Morph-RDB extension enables Ontology-Based Data Access to streaming data sources by extending R2O mapping rules with streaming support (S2O mapping rules) (T5) and querying these data sources with SPARQLStream (T13a). Morph-RDB’s SPARQLStream is inspired by C-SPARQL and SNEEql but with support for streaming windows and SPARQL 1.1 aggregates. Morph-RDB transforms SPARQLStream queries into SNEE queries (SNEEql), the SNEE engine executes the query on the data sources. Morph-RDB generates the triples to answer the SPARQLStream query and returns them (T3, T4). The S2O mappings are used to transform the SNEE query results back into RDF (T4). Morph-RDB supports files in CSV format, SQL query results of relational databases and sensor streams (T1, T2). Morph-RDB does not support any data transformations (T6) or federation (T13b) and is written in Scala (T8). Morph-RDB is accessible as a CLI implementation and provides a Docker image (T9, T10). MorphRDB’s extension is released (T12) under the Apache License 2.0 (T11).

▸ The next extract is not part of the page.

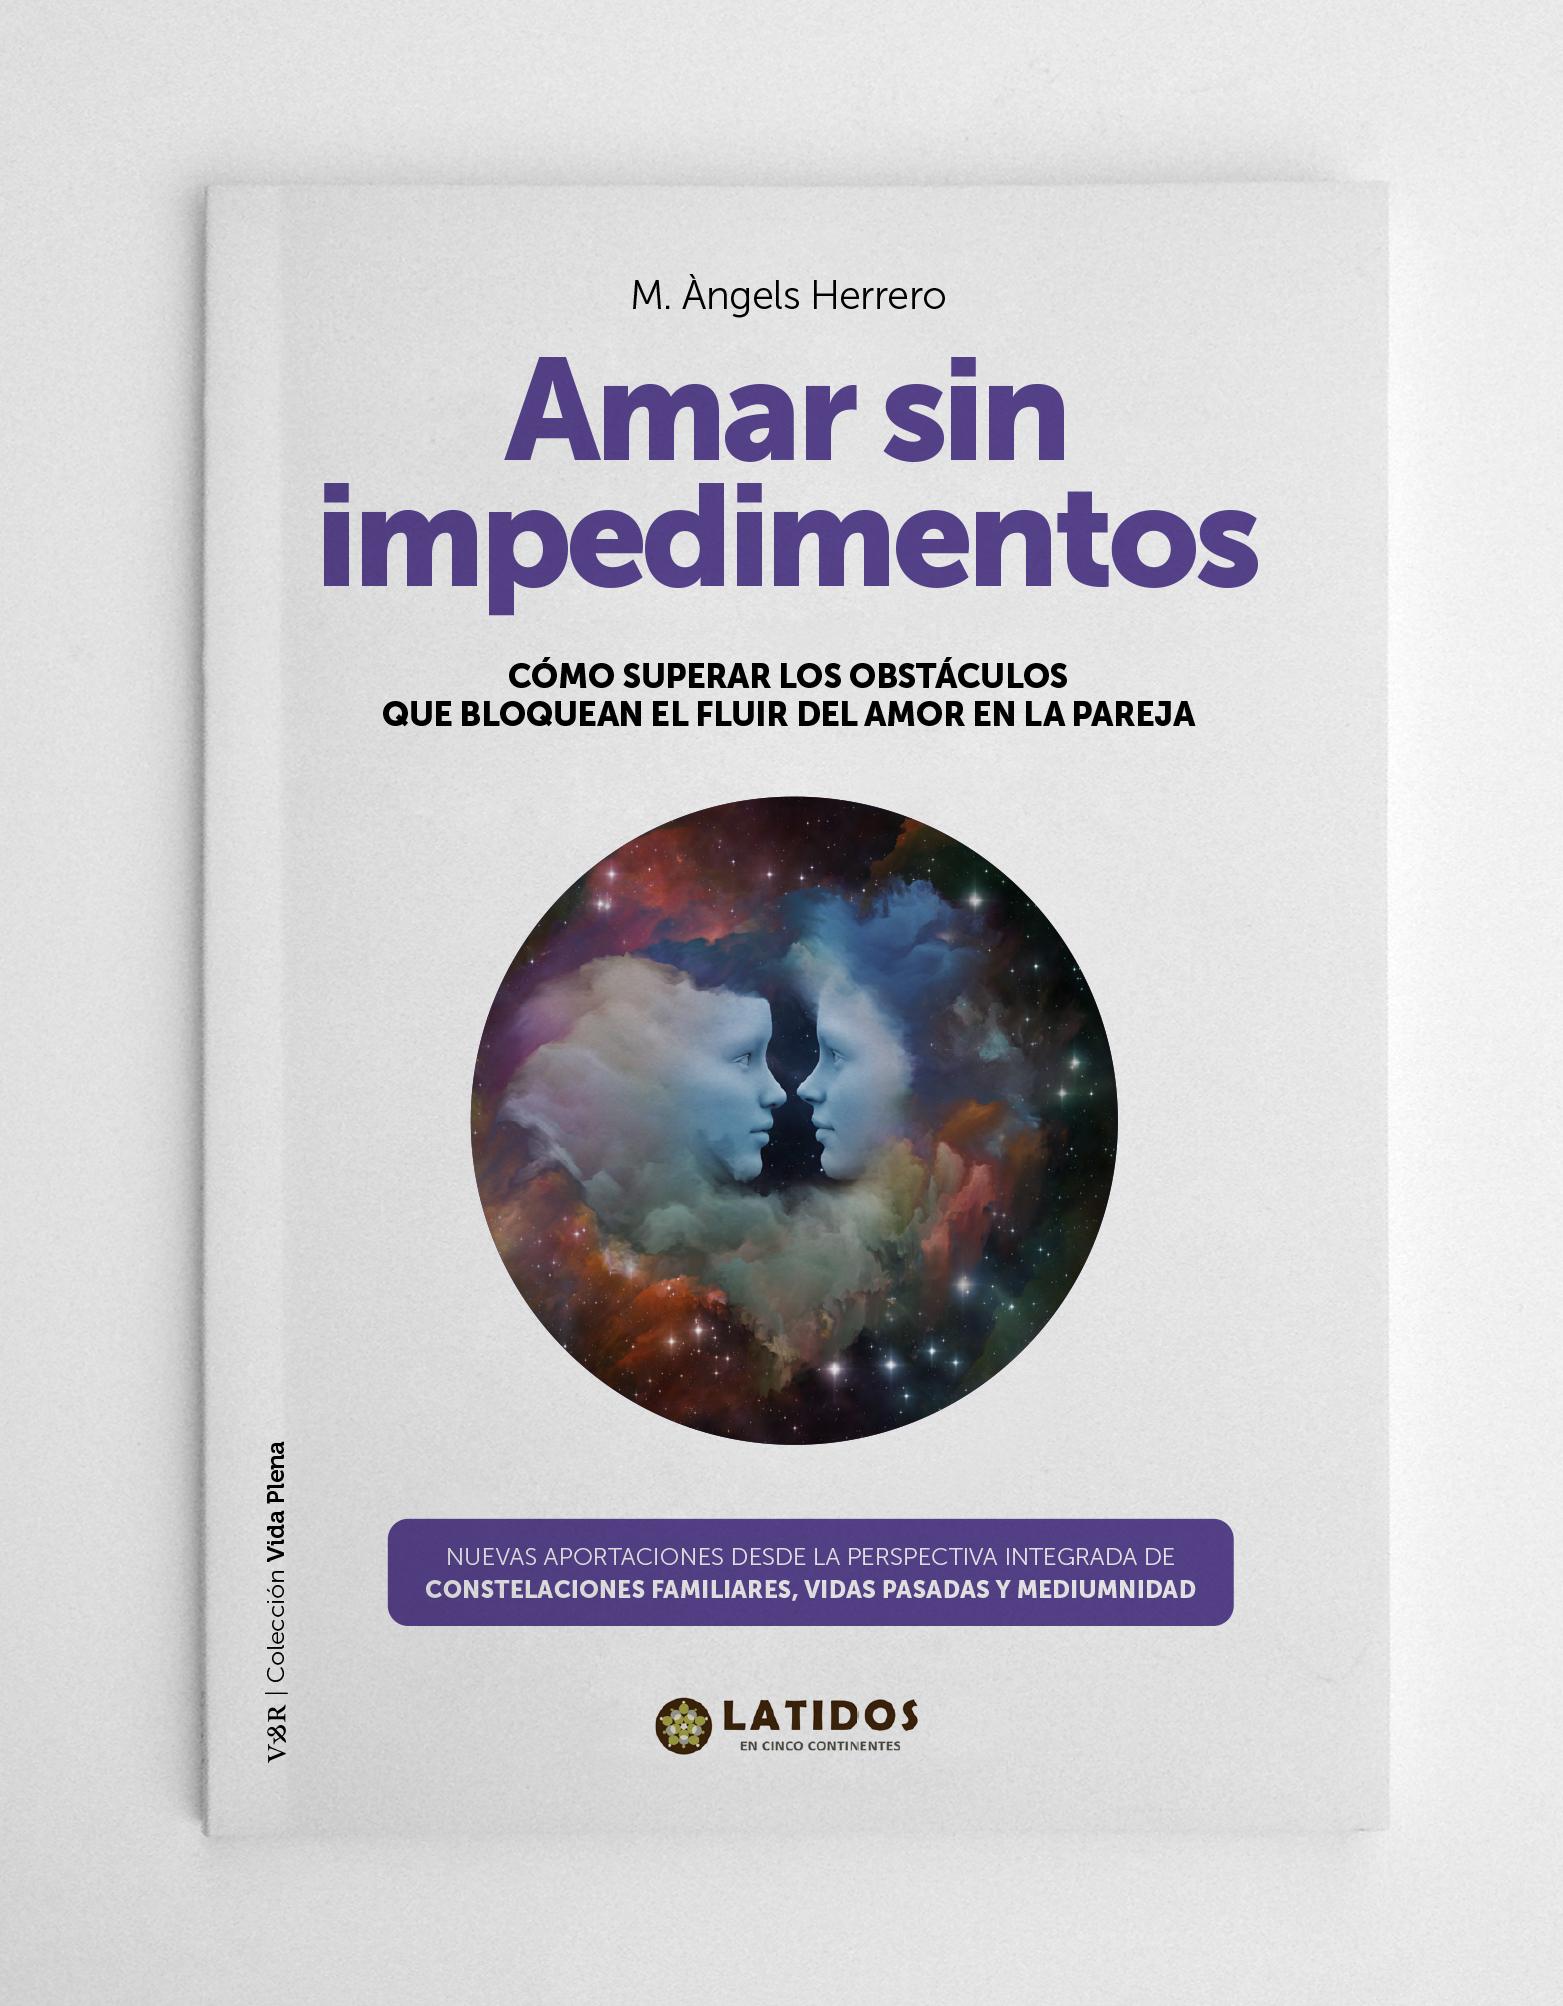 https://services.quares.es/covers/9000100216289.jpg

Source code : https://github.com/oeg-upm/morph-rdb
Last accessed : 23/02/2022
Date last commit on default branch : 08/05/2021

Ontop v4.1.1 (2013)

Ontop virtualizes access to relational SQL databases and OpenGIS by translating SPARQL queries into SQL queries. It leverages R2RML mapping rules or Ontop Mapping Language (T5) to perform this translation, and extensions for accessing OpenGIS data (T1, T2). Generated triples are returned as SPARQL query results (T3, T4). Ontop does not support data transformations (T6), advanced SPARQL features such as property path, existential queries with NOT EXIST, or basic query federation with SERVICE (T13b). However, efforts such as Denodo, Dremio, or Teiid extend Ontop with federation support (T13b). Ontop uses an Intermediate Query language (T13a) with well known SQL optimizations, such as (i) redundant join elimination and pushing down joins to the datalevel, and (ii) virtualization-specific optimizations for SQL derived from the OPTIONAL and MINUS SPARQL constructs (T10e). Ontop translates SPARQL aggregates to SQL aggregates for the database engine to perform the aggregation (T13a). Ontop supports ontological entailment by relying on a mapping saturation approach: in an offline phase, the mapping rules are saturated with the ontology rules, meaning additional mapping rules are generated for entailed triples. In previous generations of Ontop, ontological entailment was supported with a query rewriting approach using the PerfectRef algorithm, but that was abandoned as mapping saturation proved more efficient. Ontop supports entailment for RDFS and OWL 2 QL, and has experimental support for entailment with SWRL rules (T13a). Ontop has been integrated in the Optique Platform (2013) to access data such as relational databases, triple stores, temporal databases, data streams, etc. Optique leverages User Defined Functions as data transformation for accessing external data sources, windowing, data mining. However, Optique is not publicly available. Ontop is available as a CLI implementation and Docker image (T9, T10). Ontop is written in Java (T8) and released (T12) under Apache License 2.0 (T11).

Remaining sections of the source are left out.